For me MBTI seem very 19th century, is there anyone but advertising executives (who really don't want to do a proper jobb!) that believe it is anything but a blunt tool that really don't say very much?
I was MTBIed once when I applied for a jobb with a big US corporation, and I scored pleesingly high on their expectometer just by pre-emptive guessing what answers they valued the highest. I turned down their job offer as I would surely have felt betrayed by a work place where everyone presumably had gotten their positions based on how well they had cheated the system... :tiphat: (I'm a jackass, I know!) ... After this experience I did some research on MBTI and it led me to the conclusion that that it is a useless instrument in any civilised society that really take their research seriously!

/ptr


----------



## Guest (Jun 26, 2013)

ptr said:


> guessing what answers they valued the highest.


Good strategy for passing any kind of standardized test. If you're anything like ptr or myself, however, you don't particularly enjoy feeling dirty.

Otherwise, I have a question for pluhagr, why do you want to type composers?

Wait, more question_s_. _How_ are composers "given" any of the categories? _Who's_ giving it to them? This is supposed to be a process for finding out which Jungian type you yourself are. So only composers born since, oh, 1940 could take this test. And how many composers have actually done so?


----------



## Crudblud (Dec 29, 2011)

ptr said:


> I turned down their job offer as I would surely have felt betrayed by a work place where everyone presumably had gotten their positions based on how well they had cheated the system... :tiphat: (I'm a jackass, I know!)


I know what you mean, I've not the questionable ethical leanings to be comfortable in a corporate sector job either.


----------



## deggial (Jan 20, 2013)

ptr said:


> a work place where everyone presumably had gotten their positions based on how well they had cheated the system...


that's how the interview system works!


----------



## pluhagr (Jan 2, 2012)

I am really not concerned with the validity or implication of MBTI. That is not what I wish to discuss. I brought this topic up because I thought it was fun. It's nothing serious at all. I was interested in what others thought certain composers MBTIs were. This thread is not about a critique of MBTI, as that should be saved for a MBTI forum.


----------



## Schubussy (Nov 2, 2012)

Mahlerian said:


> Mahler would get something like INTP...


Good. Because that's what I got in one of the (probably rubbish) internet tests. According to the wiki page for INTP Albert Einstein may have been one as well so now I'm way too pleased with the company I've got to risk taking the test again.


----------



## EddieRUKiddingVarese (Jan 8, 2013)

I'll re-phrase the OP like this - I think Carl Jung would have classified Mozart as a ESFP ?
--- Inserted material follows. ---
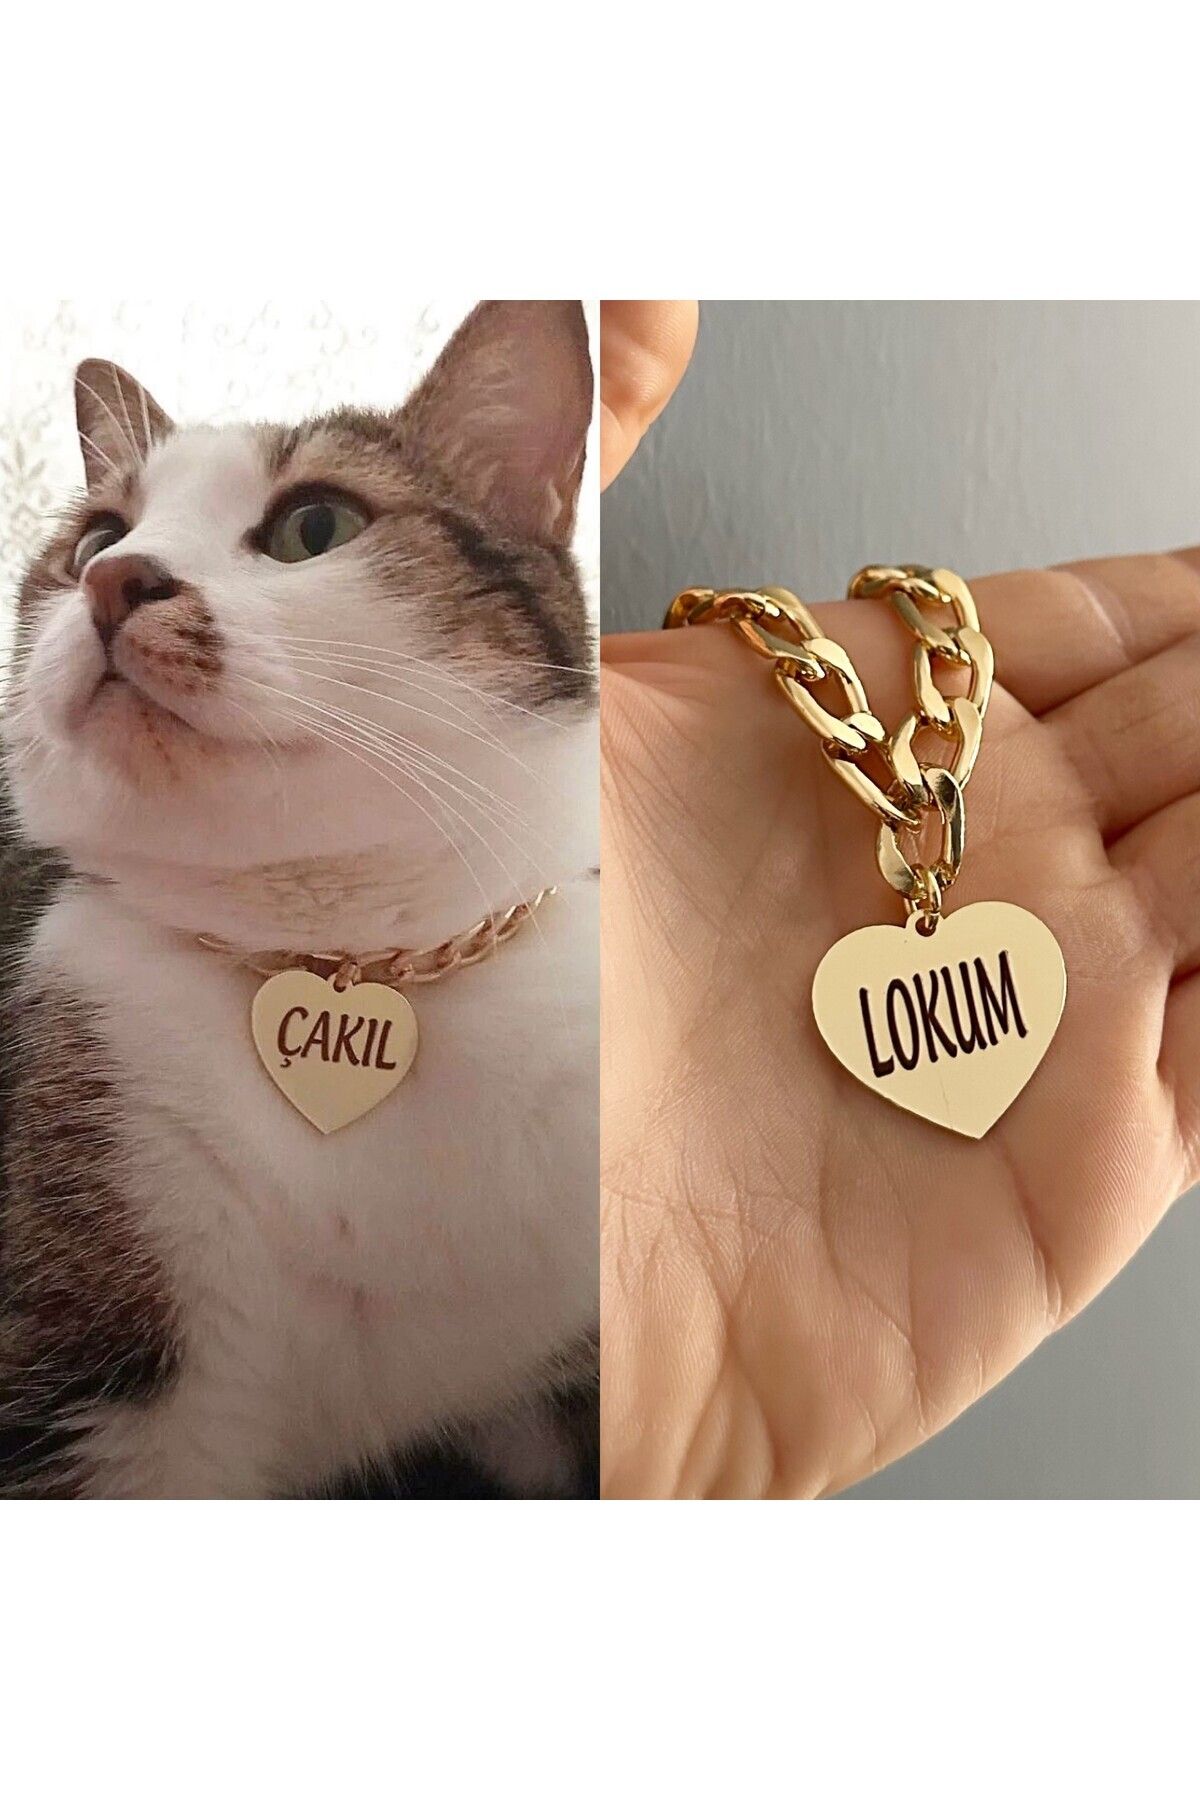 PETİSİM PET AKSESUARLARI Kedi Tasması Isimli Kedi Tasması Zincirli Tasma Paslanmaz Metal Künye

Or you could simplify this further how would Bach or John Cage answer the following question:
39.You are more inclined to experiment than to follow familiar approaches


----------



## Guest (Jun 28, 2013)

Or you could do as the late, great Jacques Barzun suggested, and refuse to take any standardized test of any kind ever again.

Come on. Don't be shy! You can do it!!


----------



## PetrB (Feb 28, 2012)

some guy said:


> Or you could do as the late, great Jacques Barzun suggested, and refuse to take any standardized test of any kind ever again.
> 
> Come on. Don't be shy! You can do it!!


Regardless of your age, also state, "I've already passed all my tests some time ago." Say it with a smug smile while you're at it


----------